Noel Lloyd was still recuperating in Jamaica, so Lindy de Castro questioned Bates and Norman. Bates stated that the price for land on Wickham’s Cay was to be $160,000 per acre, and de Castro challenged him, “How can B.V. Islanders who may want to own a lot on Wickham’s Cay afford to buy at your price? Please tell us what area is specifically designated to Virgin Islanders? Since you expect to pay the Government $30,000 in your 199 years lease on three-fourths of Anegada, you are telling us you’ll be selling one acre of land on Wickham’s Cay for four to five times what you will pay for [all of] Anegada. How do you justify that?”
Bates and Norman said that no specific areas were allotted to B.V. Islanders as this would be segregation, and that “there is a plan to assist B.V. Islanders who wish to participate in the development of Wickham’s Cay and have the means” by breaking down parcels of land into smaller units. They also stressed the benefits that would come to public services, but it was clear that they had failed to convince the crowd.
Anger at the developers grew when Roadtown flooded in November 1968 and May 1968, apparently as a result of the reclamation works. By the time Noel Lloyd returned in August, Positive Action Movement had become the active ‘Watch-Dog of the BVI Government’, putting pressure on the government not just over the Batehill schemes, but demanding a native police force and integrated schools. PAM made regular radio broadcasts and positioned itself as a safeguard for the interests of Virgin Islanders, rather than as a political party.

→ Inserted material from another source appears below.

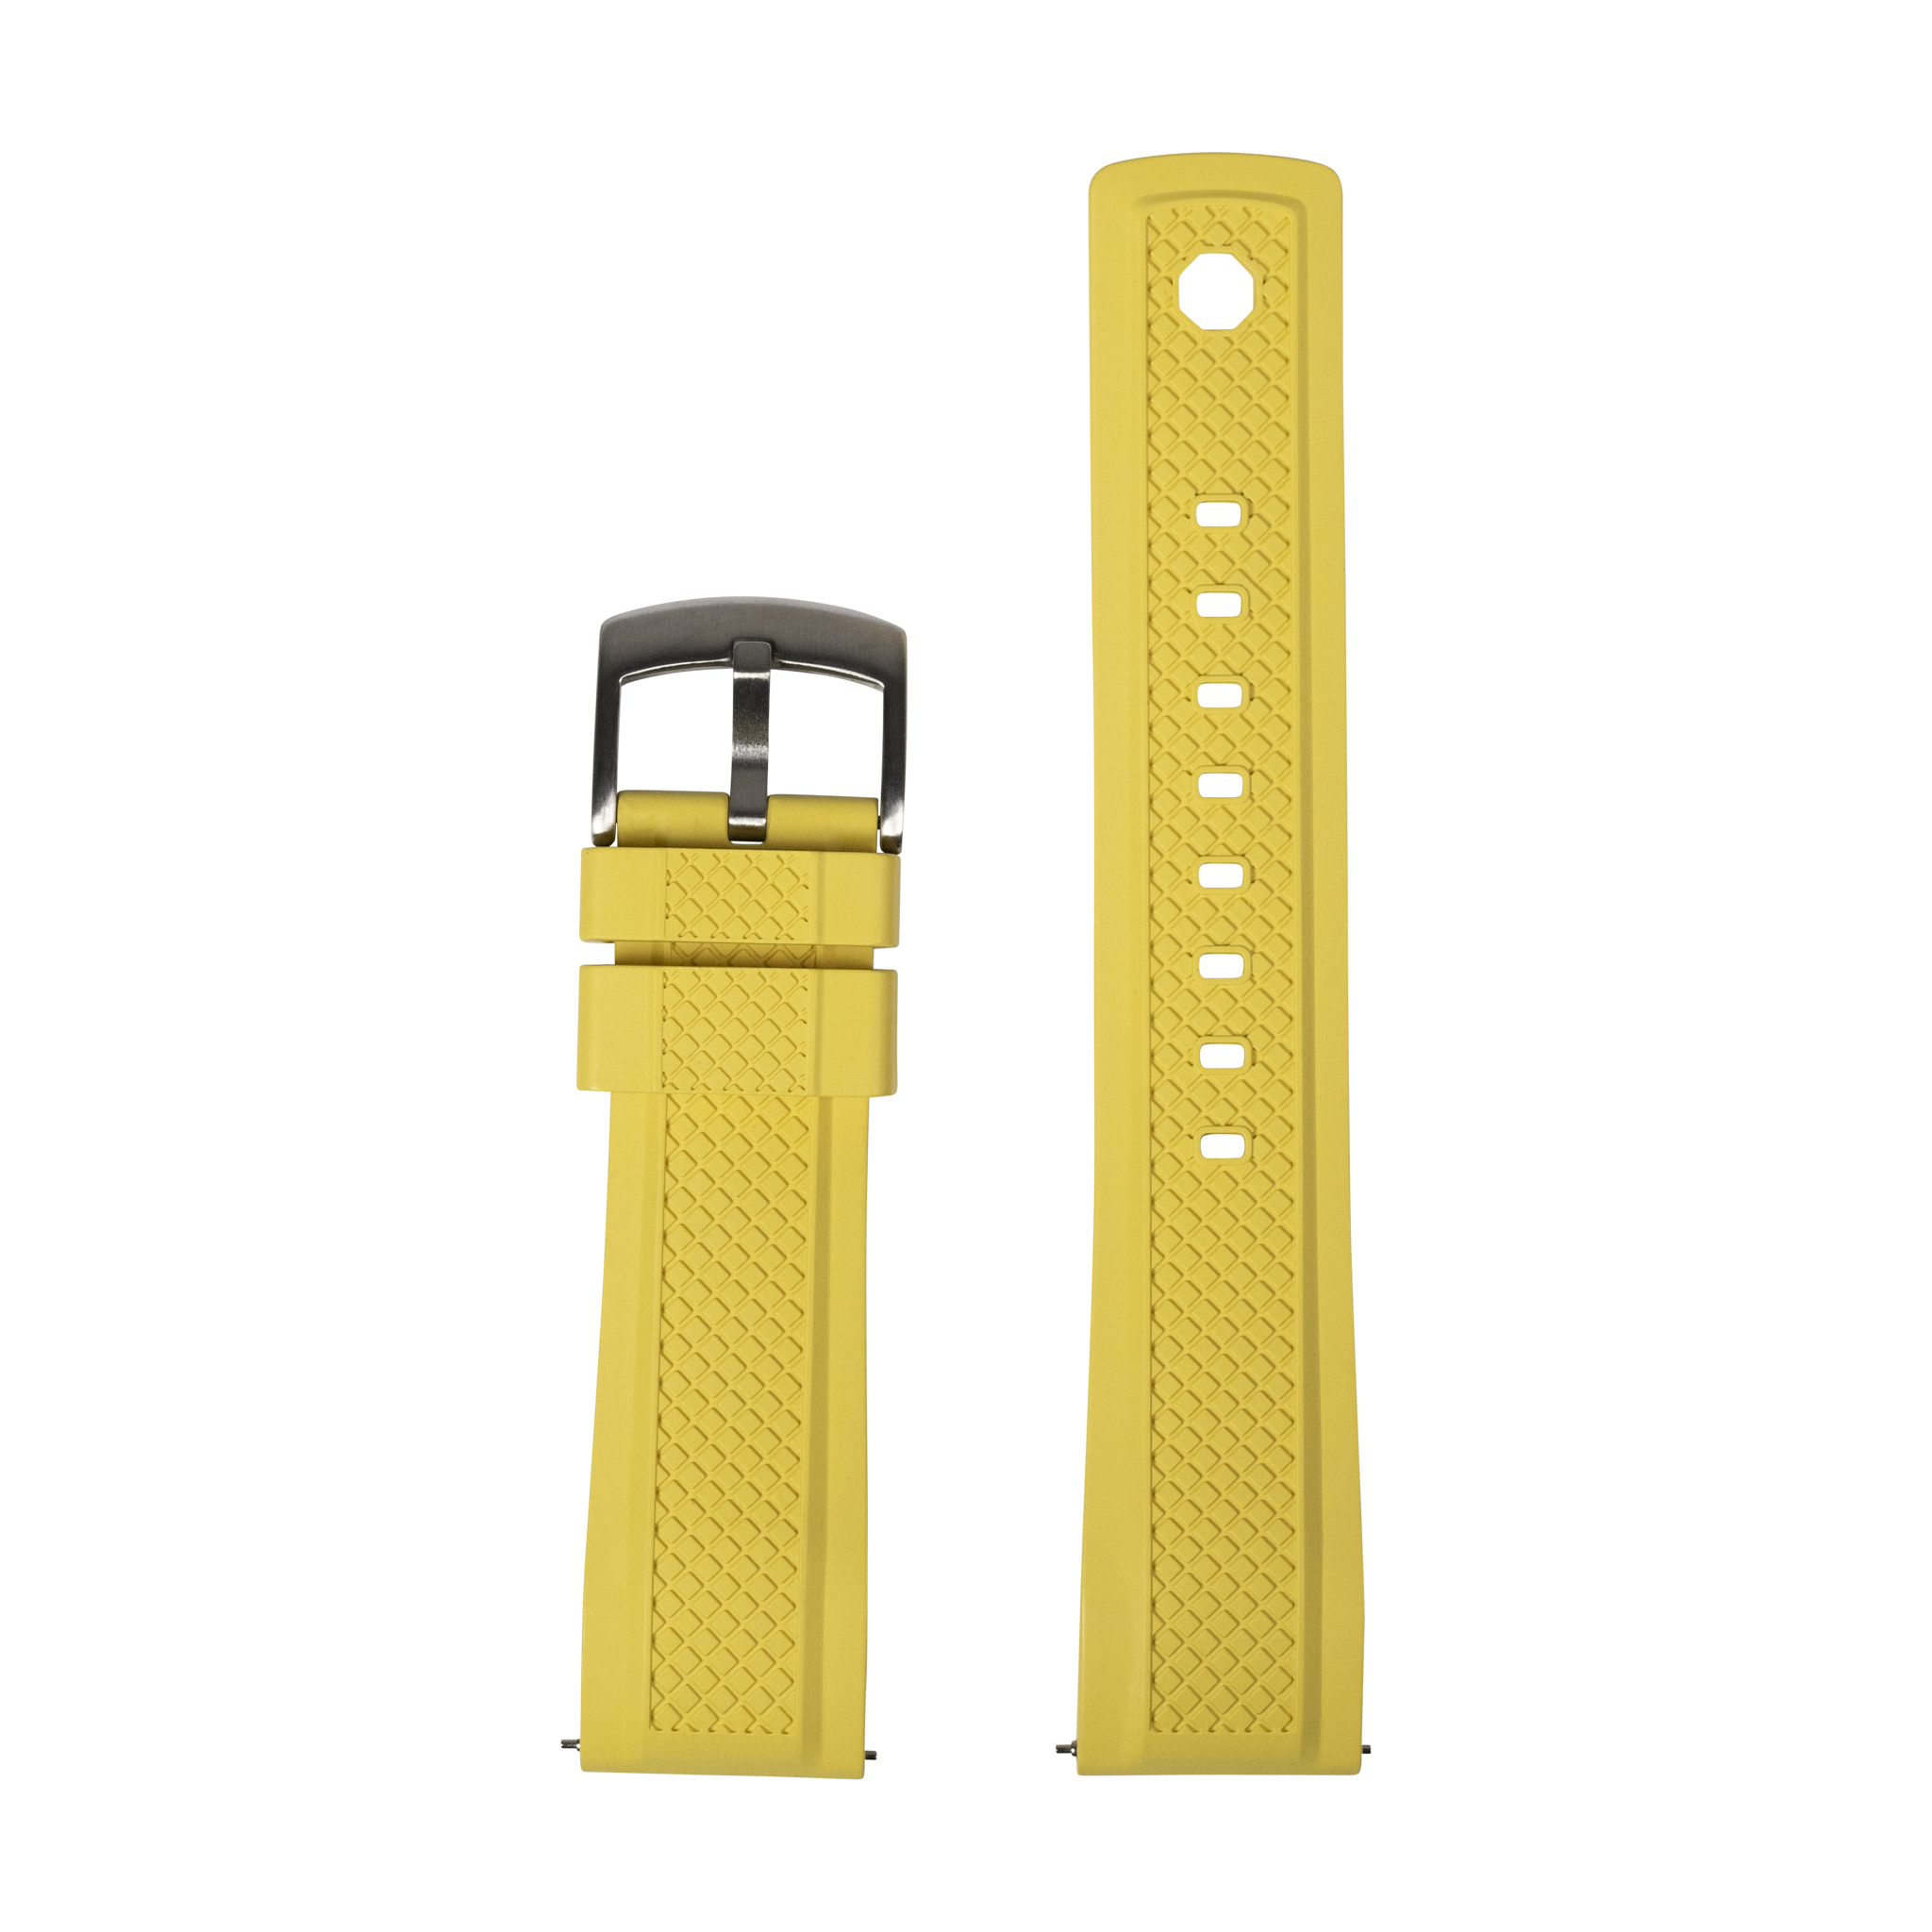 [QuickFit] GridLock FKM Rubber - Yellow 26mm

In autumn 1969, the British Government finally agreed to PAM’s demands and sent a Commission of Enquiry to Tortola to hear the islanders’ grievances and review the Batehill agreements. The Commission was led by Sir Derek Jakeway, former Governor of Fiji, and announced on 9th September; the first meeting was held nine days later, where it was announced that interested parties had three days to submit their evidence for consideration; four copies of any such evidence would be required. With so little time to prepare the Islanders feared a white-wash, but at the hearings they found they had a new ally.

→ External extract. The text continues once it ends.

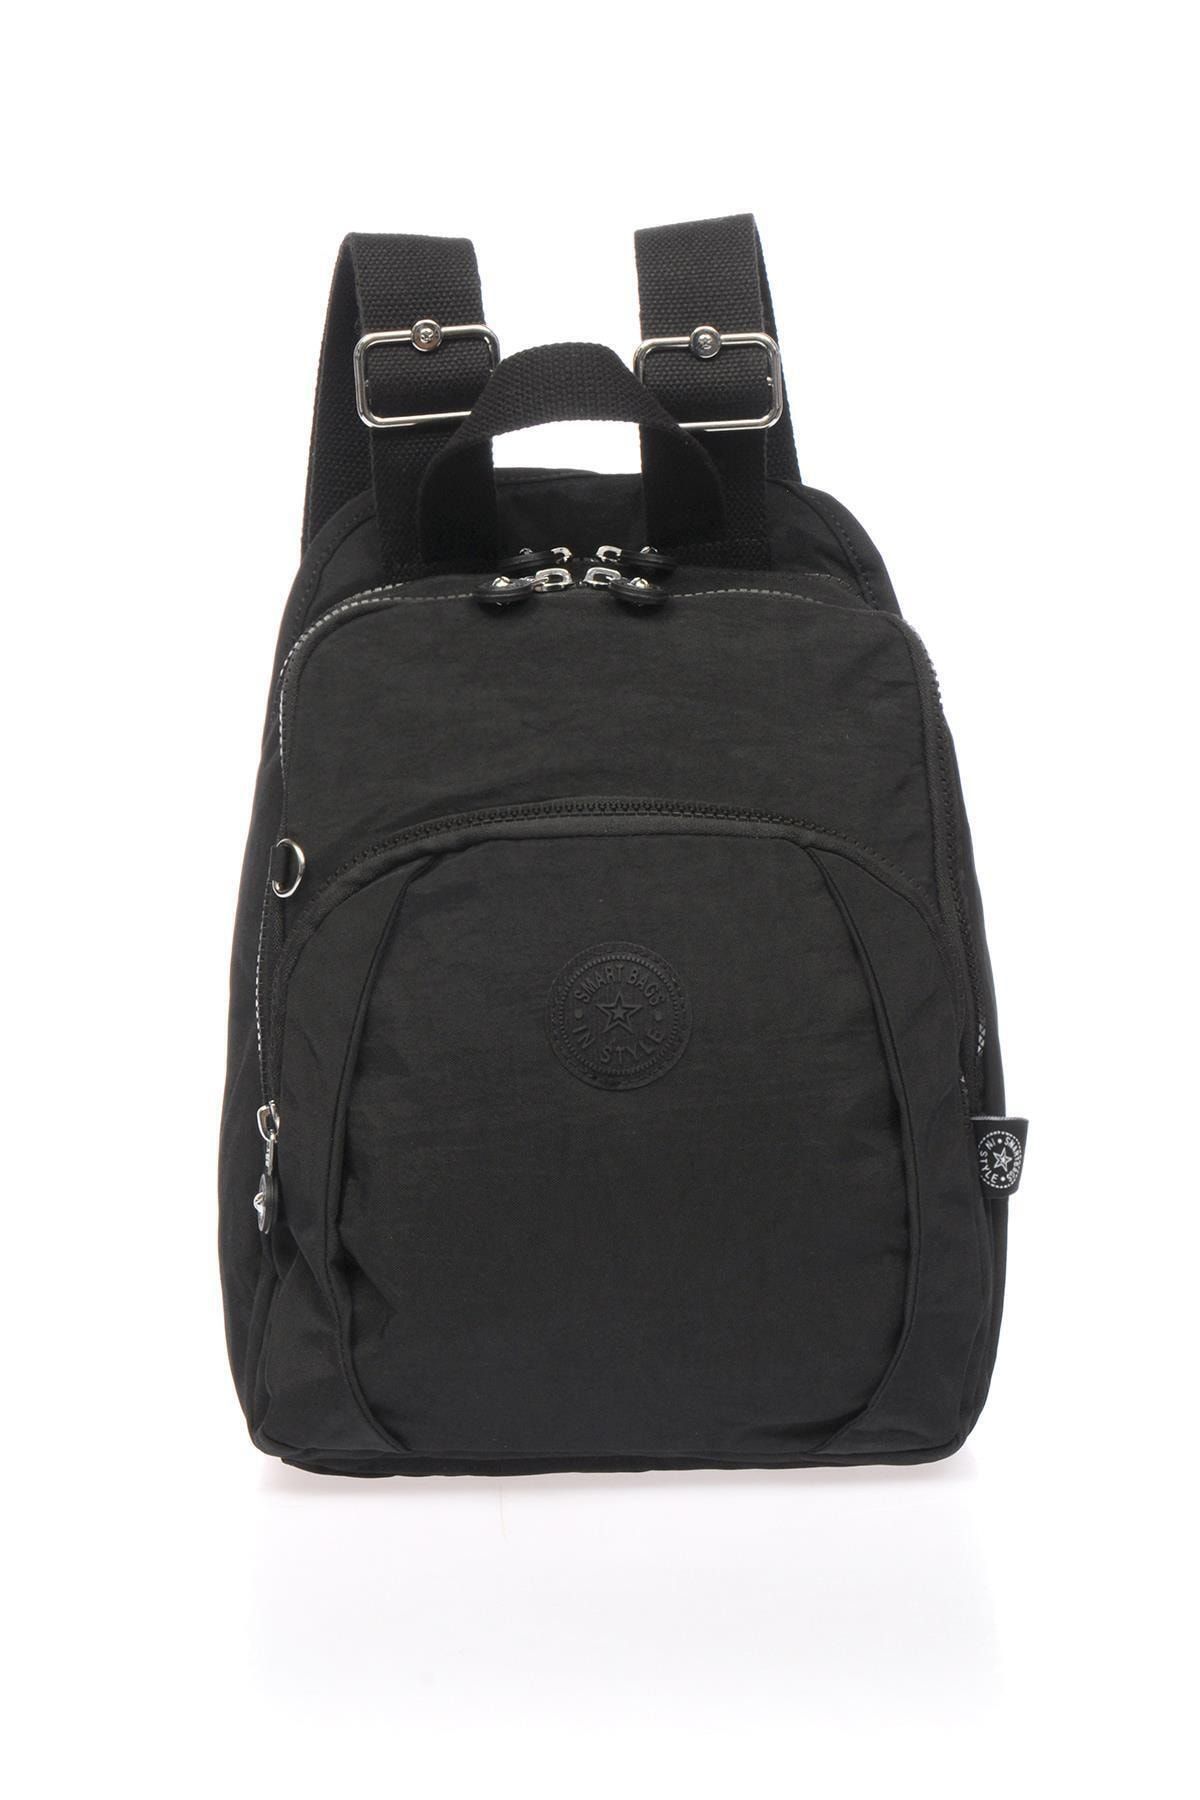 Smart Bags Smb1167-0001 Siyah Kadın Sırt Çantası

Led by Lavity Stoutt, the local government, formerly supportive of Batehill’s scheme, changed tack and in its submission requested that the agreements be renegotiated to the benefit of Virgin Islanders. The government felt that land and tax incentives as required for a viable scheme were reasonable to kickstart development, but that a kickstart ought not to last for 199 years. They recommended that the length of the lease be halved and the area involved reduced, that rental payable on sub-leases be increased and subject to regular review, and that tax exemptions should end after thirty-five years. Stoutt was loudly applauded by the people packed into the Council Chambers for the hearing.

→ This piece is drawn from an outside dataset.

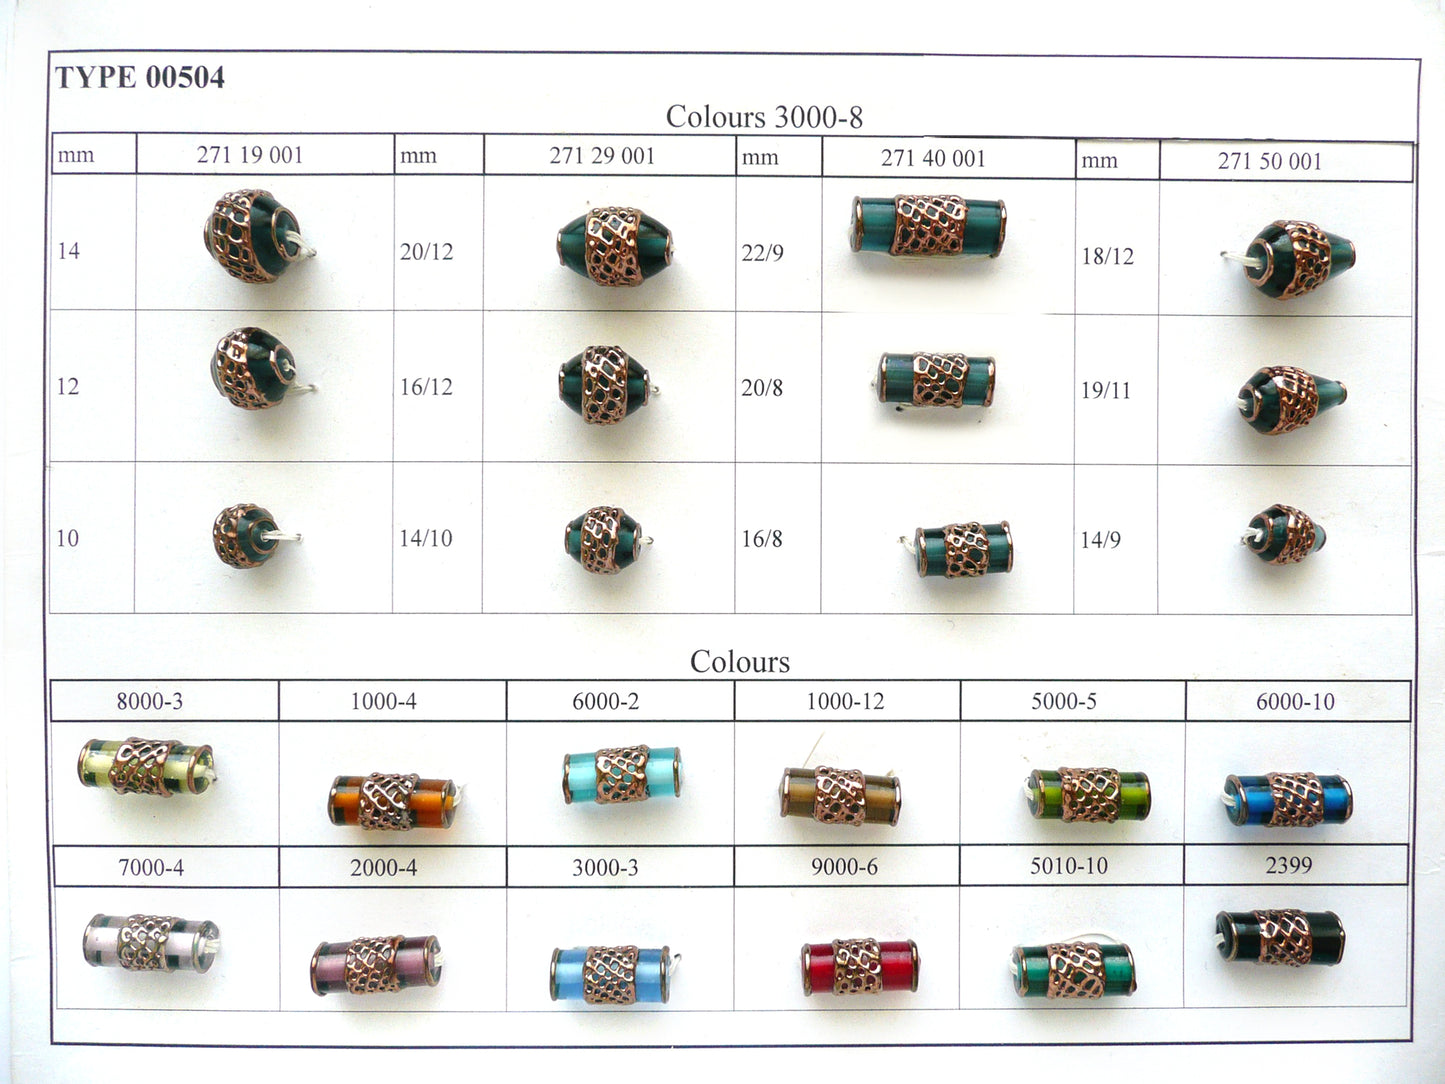 30 pcs Lampwork Beads 504 / Round (271-19-001), Handmade, Preciosa Glass, Czech Republic

Noel Lloyd and the Positive Action Movement submitted two pieces of written evidence, and Lloyd and de Castro both appeared before the committee in person. Noel broke down while making his emotional presentation; Lindy de Castro spoke of the need to retain control of the islands for its own people. He demanded that all potential investors be carefully screened as he suspected the tax haven status of Anegada might attract criminal elements, and called on the government “to see that “no white Africans or Rhodesians’ set foot on the island … and that no imports [of goods] from Rhodesia or any part of ‘white Africa’ be allowed to enter Anegada.” PAM’s written evidence called on the commission to reject the Batehill agreements as illegal, as PAM believed “Martin Staveley, the Administrator … felt that the Virgin Islands were too good for the people … he looked down on the people of the Virgin Islands. He used the dictatorial powers given him by the constitution, and pushed through an agreement.”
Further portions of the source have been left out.